I would first check that you are optimising enough lens parameters, at least barrel distortion and angle of view (in addition to positions).

Brilliant Bruno, that was exactly it: including barrel distortion solved it. (Optimizing for View as well made it a little bit worse, which I guess makes sense because the camera was on a tripod... ?) I still needed to use my custom cpfind options as described above, but the alignment and subsequent median_image worked great.

Excited, I turned to a second stack of star pictures, but for some reason I can't figure a way to make cpfind find good control points on them.

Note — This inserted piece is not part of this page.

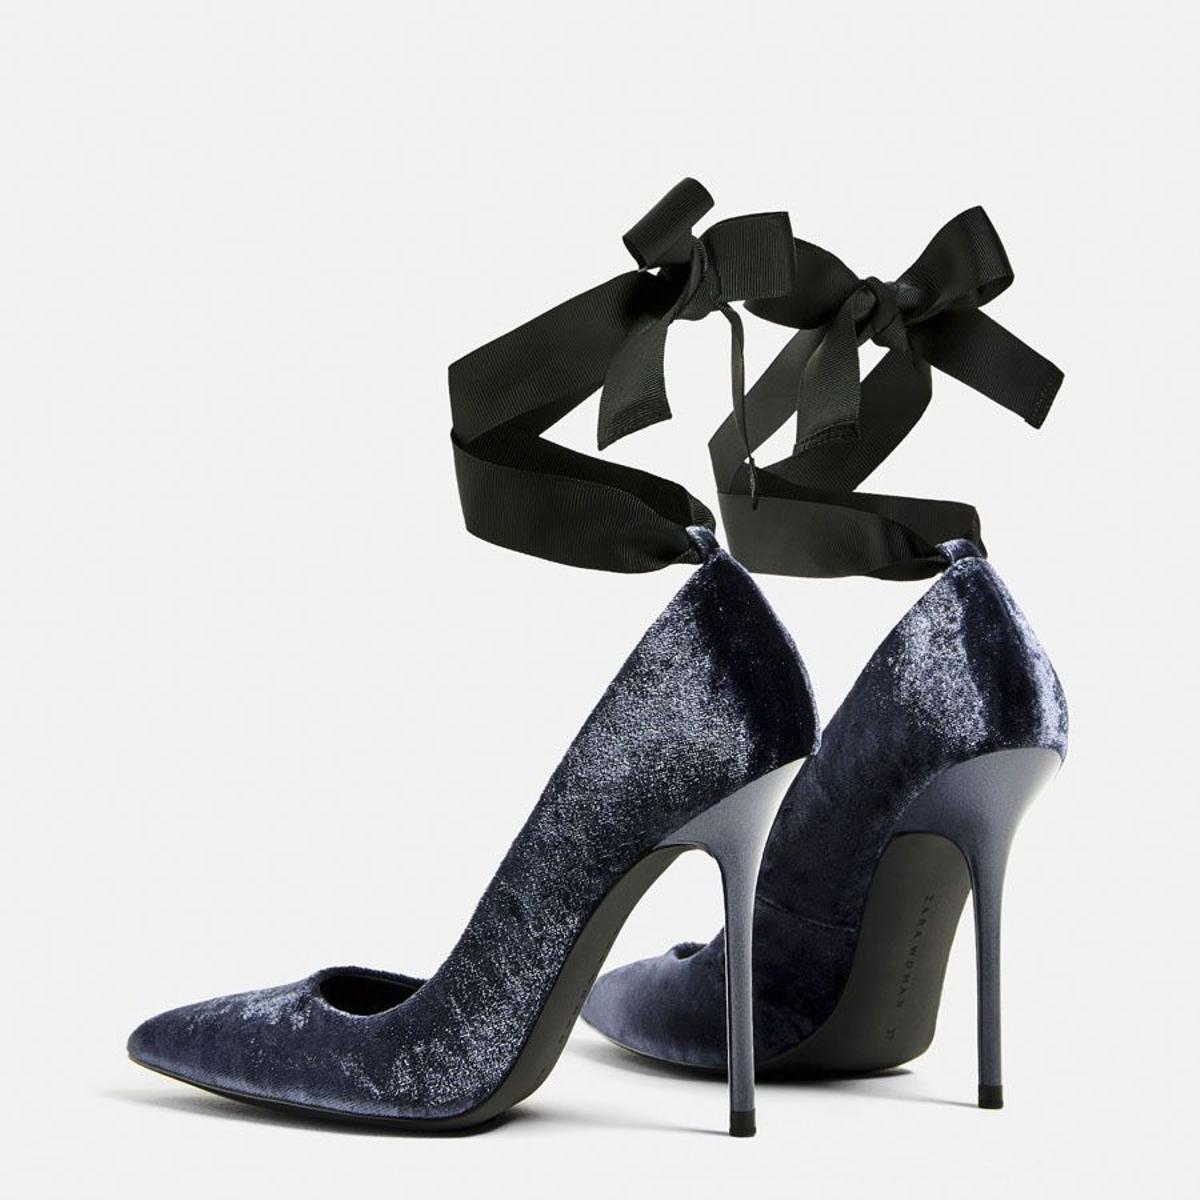 Rebajas 2017- los zapatos de Zara que vas a querer: tacón de terciopelo con lazo

They are also underexposed, but very similar to the first stack, and there are still plenty of medium-white stars, and in fact there is less low-level noise in these images than the previous stack. I understand that these dark, almost featureless photos are not the typical use case for cpfind, but maybe there is something I can do to make this work?

In case anyone has a sec to take a look, here is a demo project with just two of the images and an exclusion mask over the foreground elements:


I think you'll find that the default CPfind settings will find no points. With my custom cpfind options it generates 4 points, but two of them are obviously wrong. I've been tweaking the cpfind options and with this:

--fullscale --sieve1width 10 --sieve1height 10 --sieve1size 100 --sieve2width 5 --sieve2height 5 --sieve2size 5 --kdtreesteps 100 --ransaciter 100 --ransacmode rpy -o %o %s

...I can generate 8 points, 2 of which are bad. That's pretty good, but when I try it with all the images (there are 63 in this stack) it just doesn't find enough points. Very many pairs of images have no points at all and the final alignment is poor.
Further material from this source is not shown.